Calmer's attorney told the judge that Calmer was in a lot of pain, though there was not word yet to the public about his diagnosis.

When proceedings continued, Dr. William Taunton with the Medical Center Navicent Health, who observed Calmer during his emergency room visit Thursday, took the stand and testified that Calmer had been taking nerve medication prior to the medical emergency in court, but that it is unlikely that the medication would cause Calmer any cognitive impairment. He also testified that Calmer has some weakness on his left side and that Calmer told him that he has received no recent trauma connected to Thursday's symptoms.

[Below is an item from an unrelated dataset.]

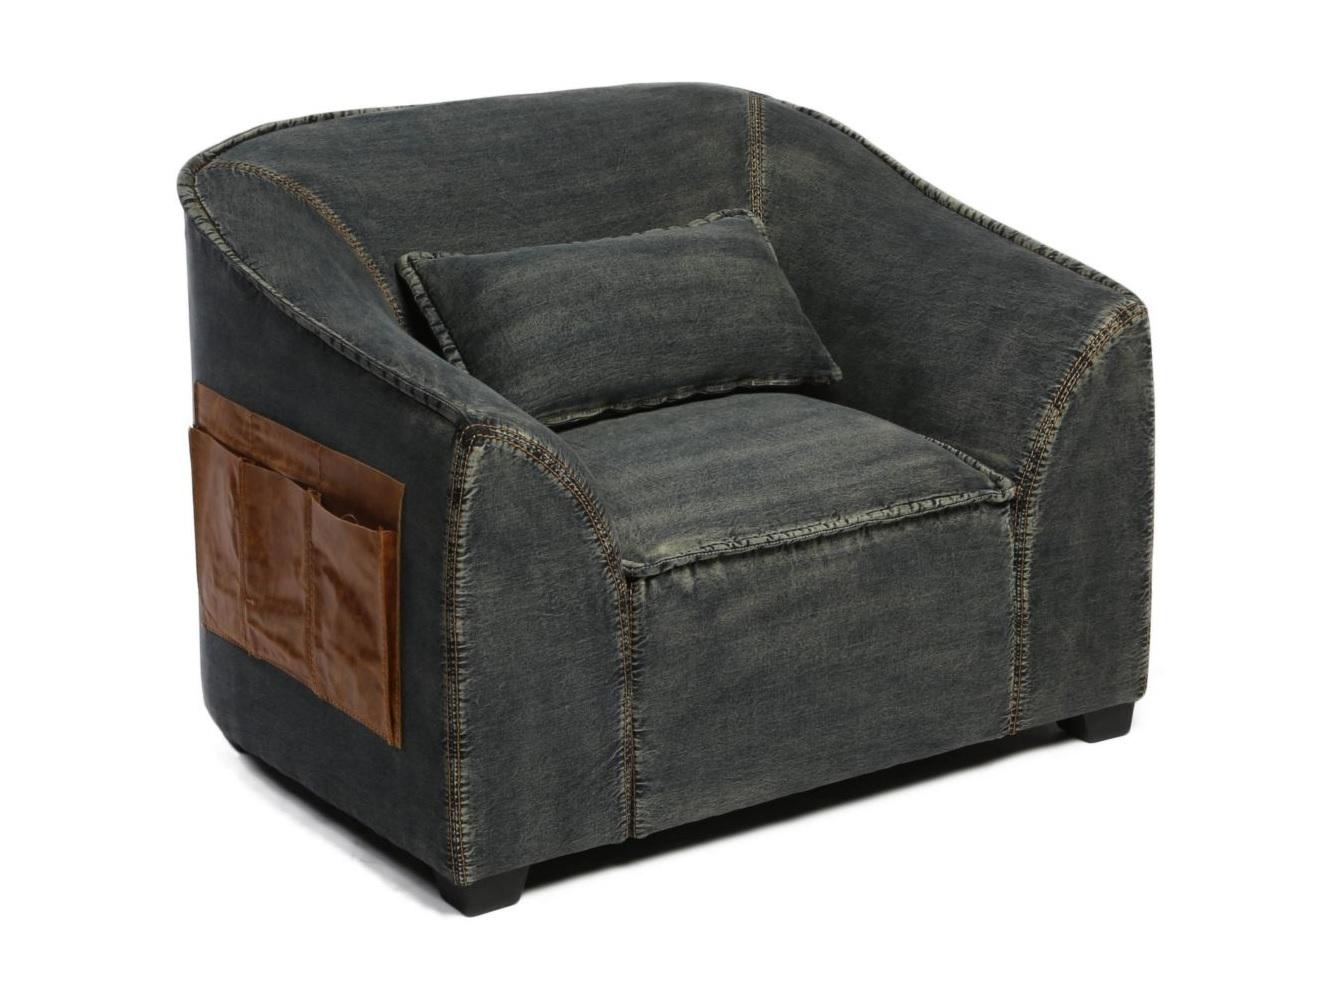 Кресло BenettИнтерьерные кресла<br><br><br>Material: Джинса<br>Ширина см: 102<br>Высота см: 83<br>Глубина см: 86

Taunton testified that Calmer's pain was subjective and due to chronic conditions, and that he was adequately medicated and able to understand the court proceedings.

Moans from Calmer could be heard across the courtroom during Taunton's testimony.

Calmer's attorney told he judge that he believed Calmer was not capable of standing trial Thursday, though the judge explained that they would continue with the proceedings because there were two witnesses that came from out of state that needed to be heard that day.

Before court could adjourn, Calmer was taken from the courtroom on a stretcher but returned a short while later.

At one point, Calmer said he was being tortured, and called the judge a torturer for making him remain in the courtroom for the proceedings.

Judge Wilson wrapped up the session at around 5:10 p.m. Thursday. He said the court hearing will resume Friday at 9 a.m.